Mr Smyth commented on developments with the legislation as it undergoes scrutiny by the Oireachtas Enterprise Committee, following reports this week that the Department of Enterprise is examining how best to strengthen the right of appeal in the draft legislation, and that employers could have fewer grounds to refuse requests for remote working under changes being considered.

He added: “That’s why this union continues to work through ICTU for legislative amendments to ensure a genuine right to request remote work arrangements, as well as an obligation on employers to demonstrate objective reasons for refusing remote work, a fair and robust appeals mechanism, and strong worker protections that provide for health and safety, workers’ privacy and the right to disconnect.

“We continue to push for forward thinking on this issue, and there’s no reason that the State can’t be the driver of best practice,” he said.

Commenting on the recent successful negotiation of a blended working policy framework in the Civil Service, which the union hopes will be a template for the broader public service and other sectors, Mr Smyth added: “Getting it right means, for example, that the State can more successfully deliver on its aims to respond to the very real and immediate climate emergency.

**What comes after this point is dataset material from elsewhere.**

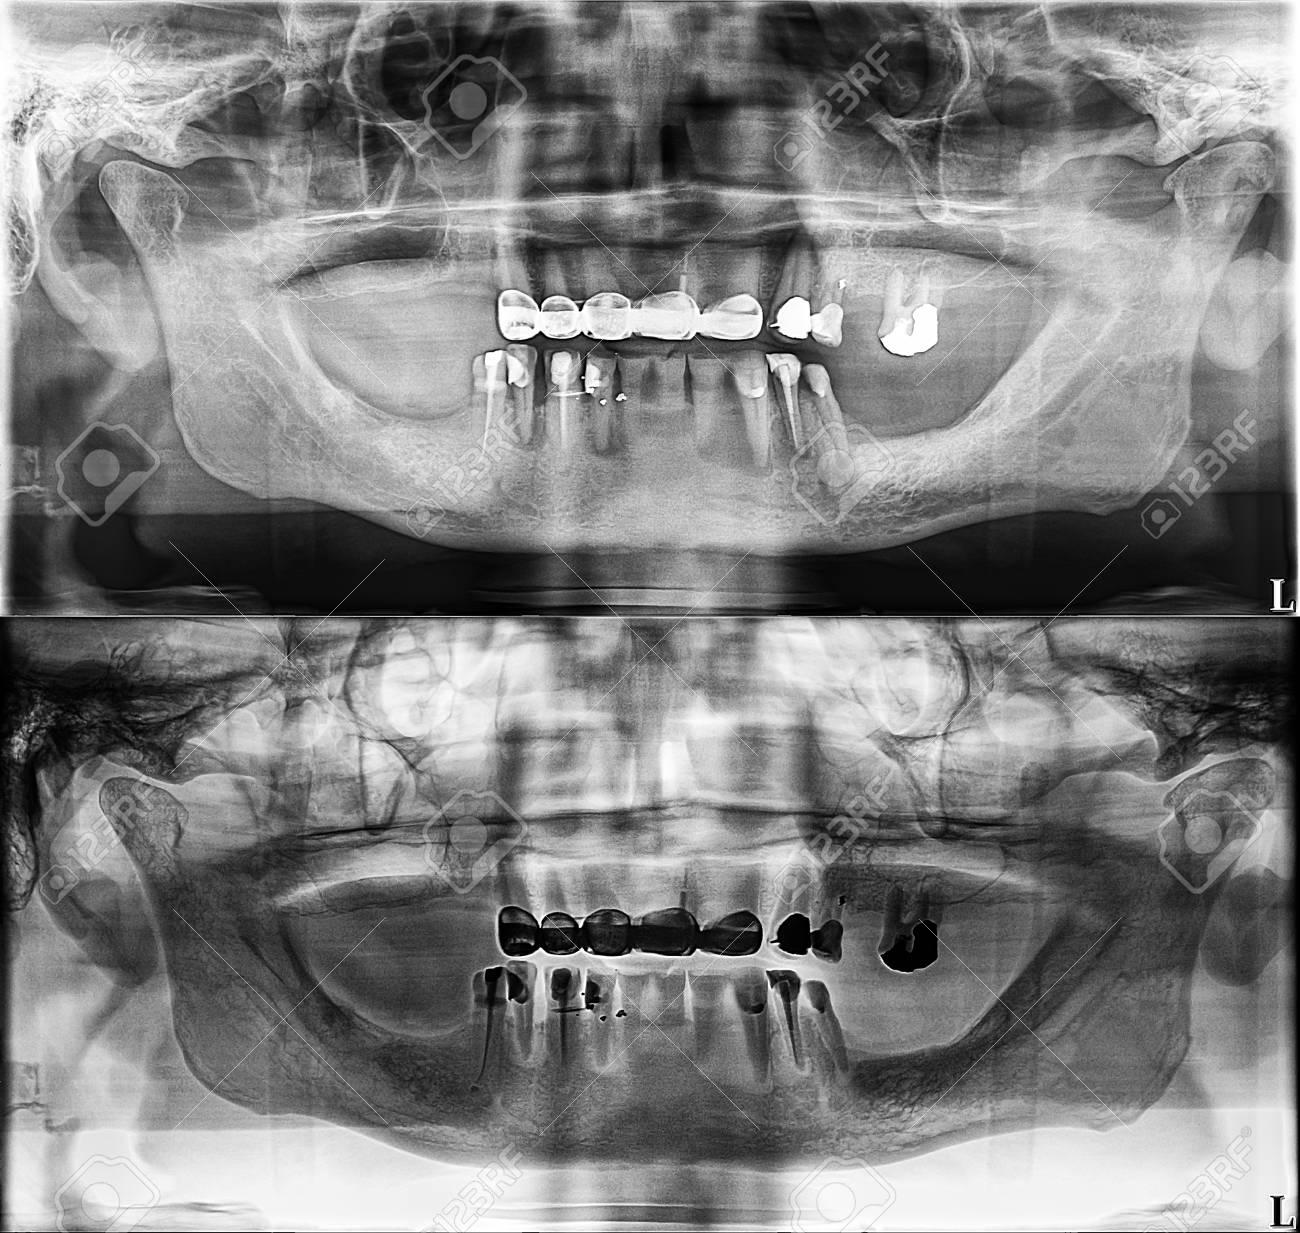 Panoramic Dental Xray, Fixed Teeth, Dental Amalgam Seal, Dental ...
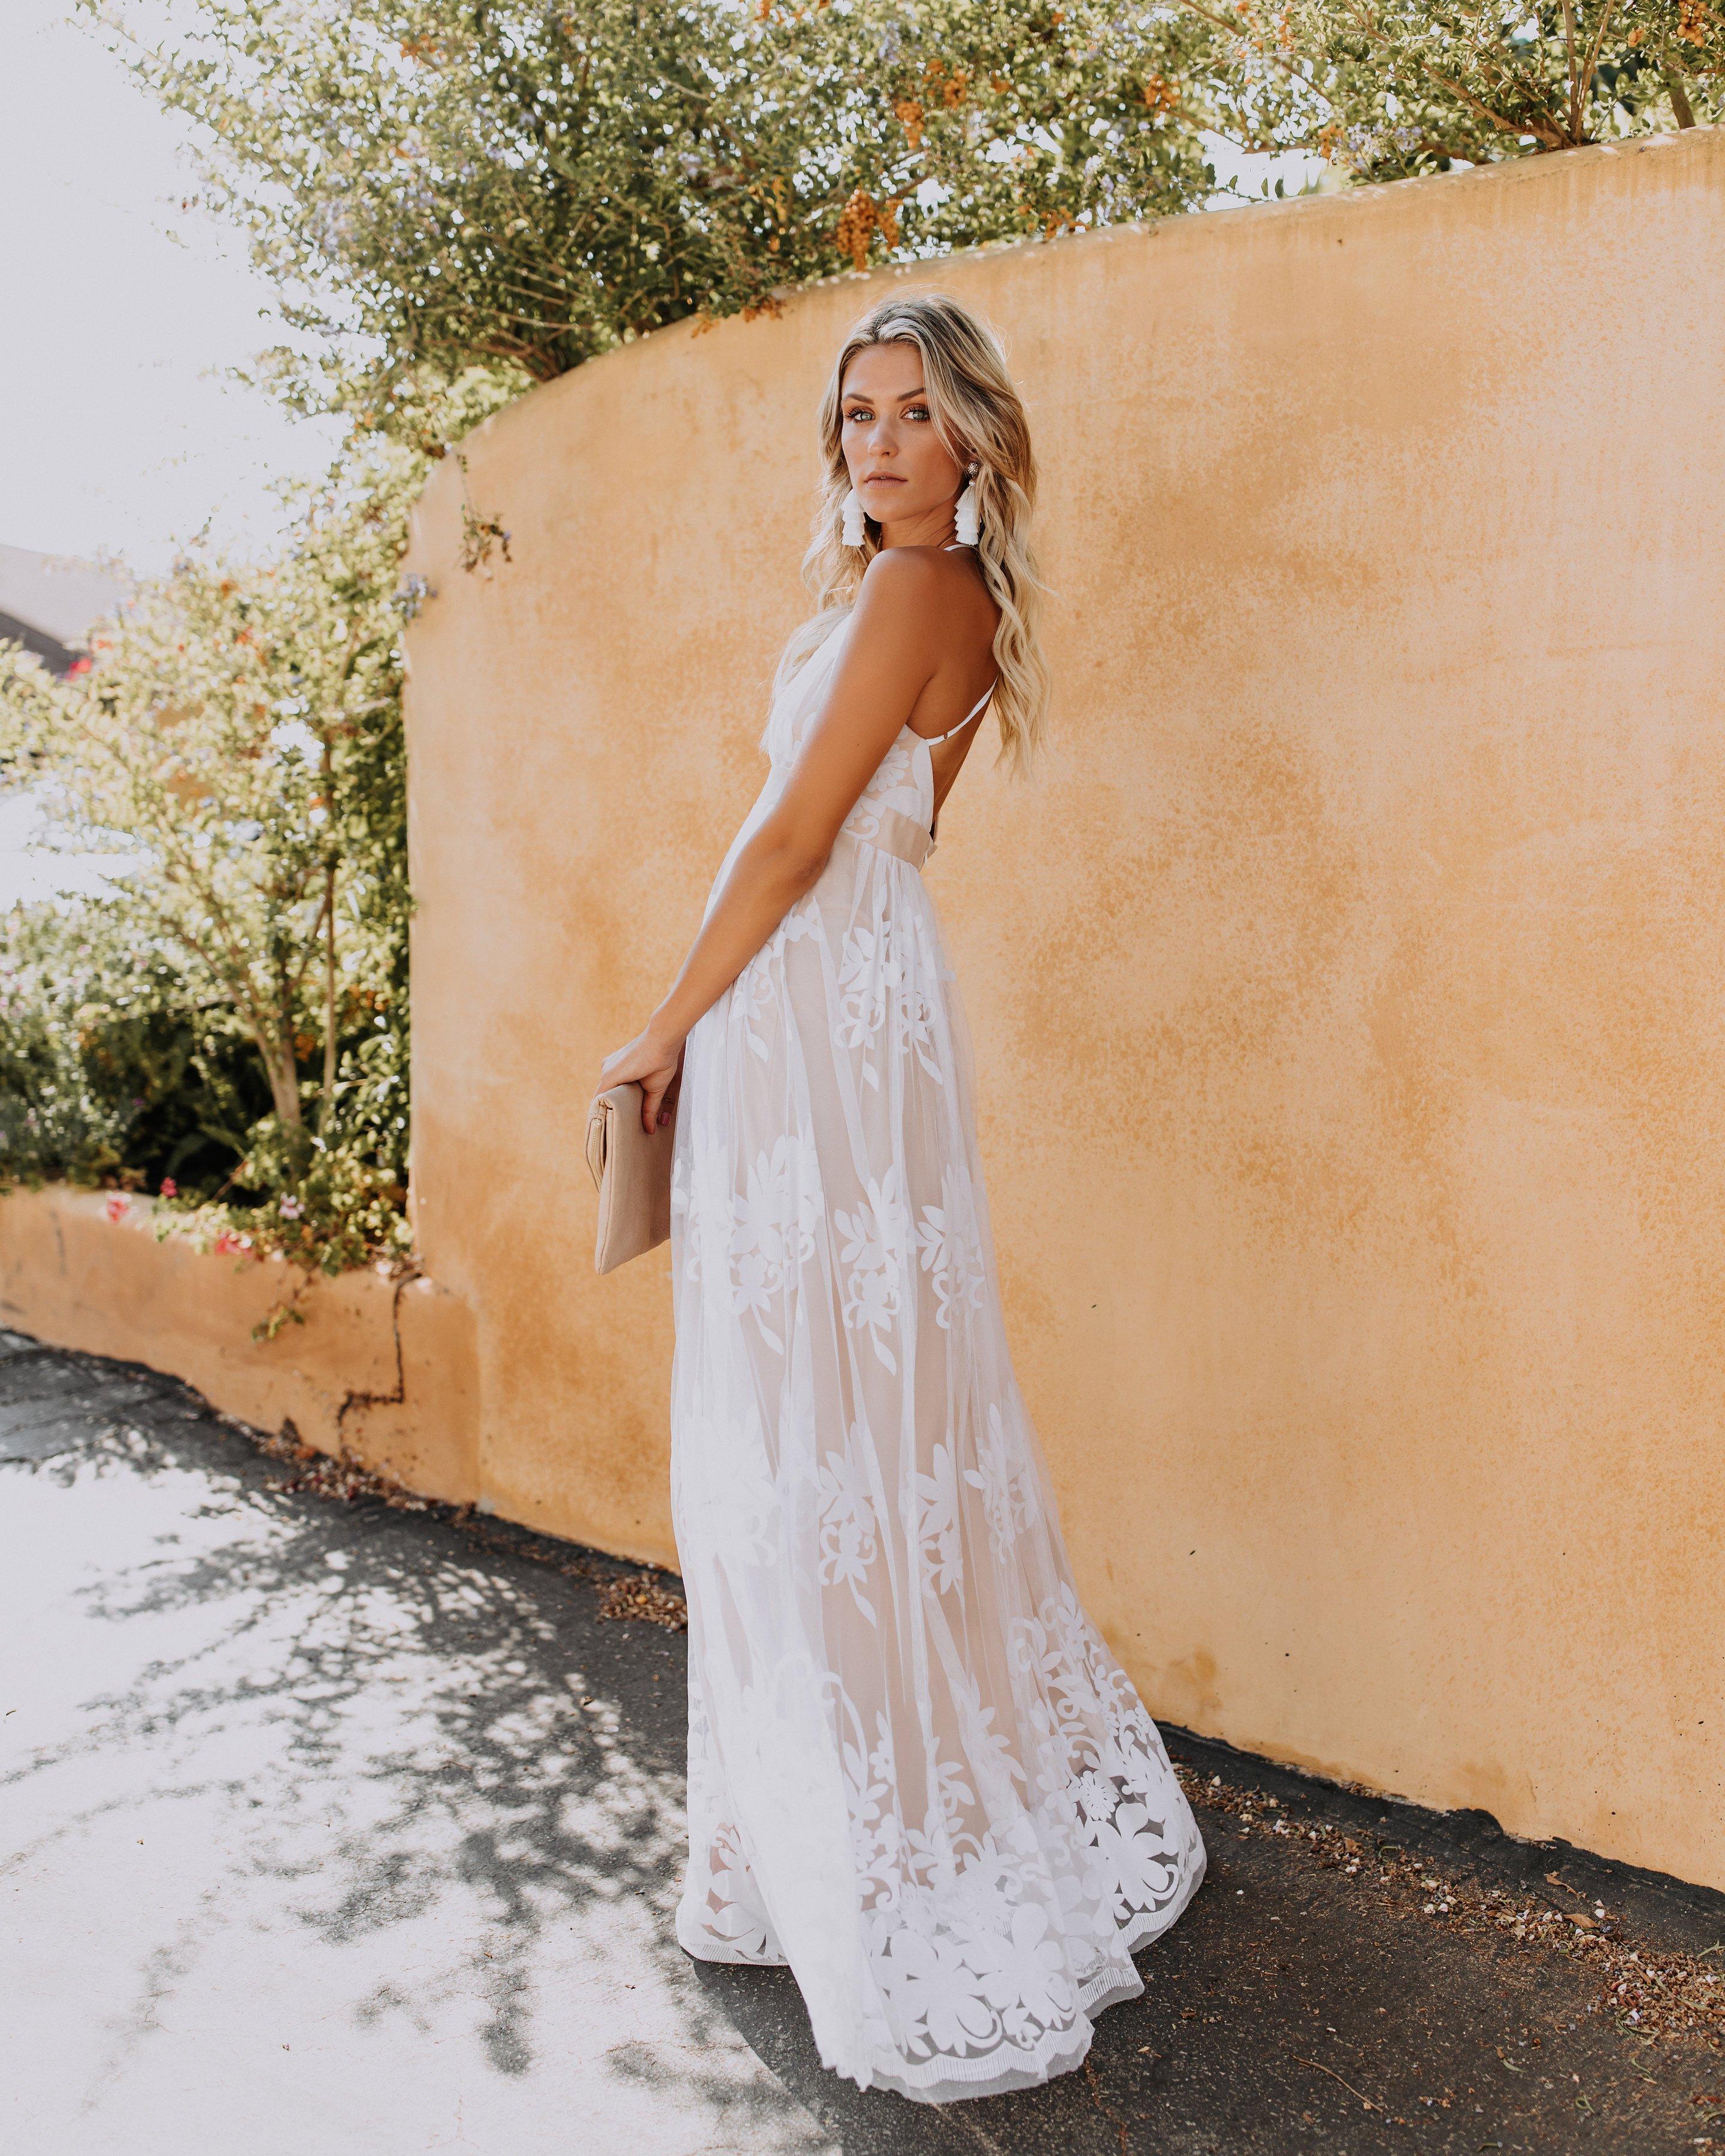 56a99ba7c84 PREORDER - Antonia Maxi Dress - White in 2019

“Why would we mindlessly return to clogging the roads between commuter towns and Irish cities with thousands upon thousands of private cars, needlessly burning hundreds of thousands of litres of fossil fuel and releasing thousands of tonnes of carbon into the atmosphere – just so that someone can perform work that they could – just as easily – have done at home or in a remote working hub close to home?”

He said daily commuting in and out of cities is an “outmoded” pattern of work inherited from the last century: “Technology and innovation liberated us from these obligations, so why drift back to them so mindlessly? The State can demonstrate a sense of vision that other employers can follow, and thereby reap the best of the remote and blended work experience.”

He said the Europe-wide shift from a 10-hour working day to an eight-hour working day in 1919 was implemented to ensure there was work available for those returning from the horrors of the battlefields of France and Belgium, and became the recognised, standard working day across the 20th century.

“If we consider the intervention of the Covid pandemic in similar terms, and how remote working briefly eliminated daily commuting and the workplace culture of presenteeism, we might recognise how the very real innovation of effective remote and blended working policies can inform the 21st century.

The very real innovation of effective remote and blended working policies can inform the 21st century, just as the eight-hour day shaped the 20th century.

“In this context, let’s not lose sight of the radical and innovative potential for the four-day working week, which Fórsa has proudly led the way to what is now a global campaign, and whose pilot-scheme is an active experiment in the future of work. It has the potential to deliver a dividend for workers as automation and artificial intelligence continue to drive another industrial revolution.

“Equally, we must ensure that the policies we’re calling for work for everybody. That means, for example, policies to ensure inclusion of remote workers in collective workplace activities, including business meetings and training and fair access to career advancement for all workers, regardless of their work location.

“It also means making adequate provision for new and younger workers to have a meaningful experience of the corporate knowledge and culture of their workplace, and guard against isolating them from the necessary mentoring and guidance so crucial to the early years of their career,” he said.

Fórsa’s biennial delegate conference, its first fully in-person conference since 2018, continues until Friday 20th May at the INEC in Killarney.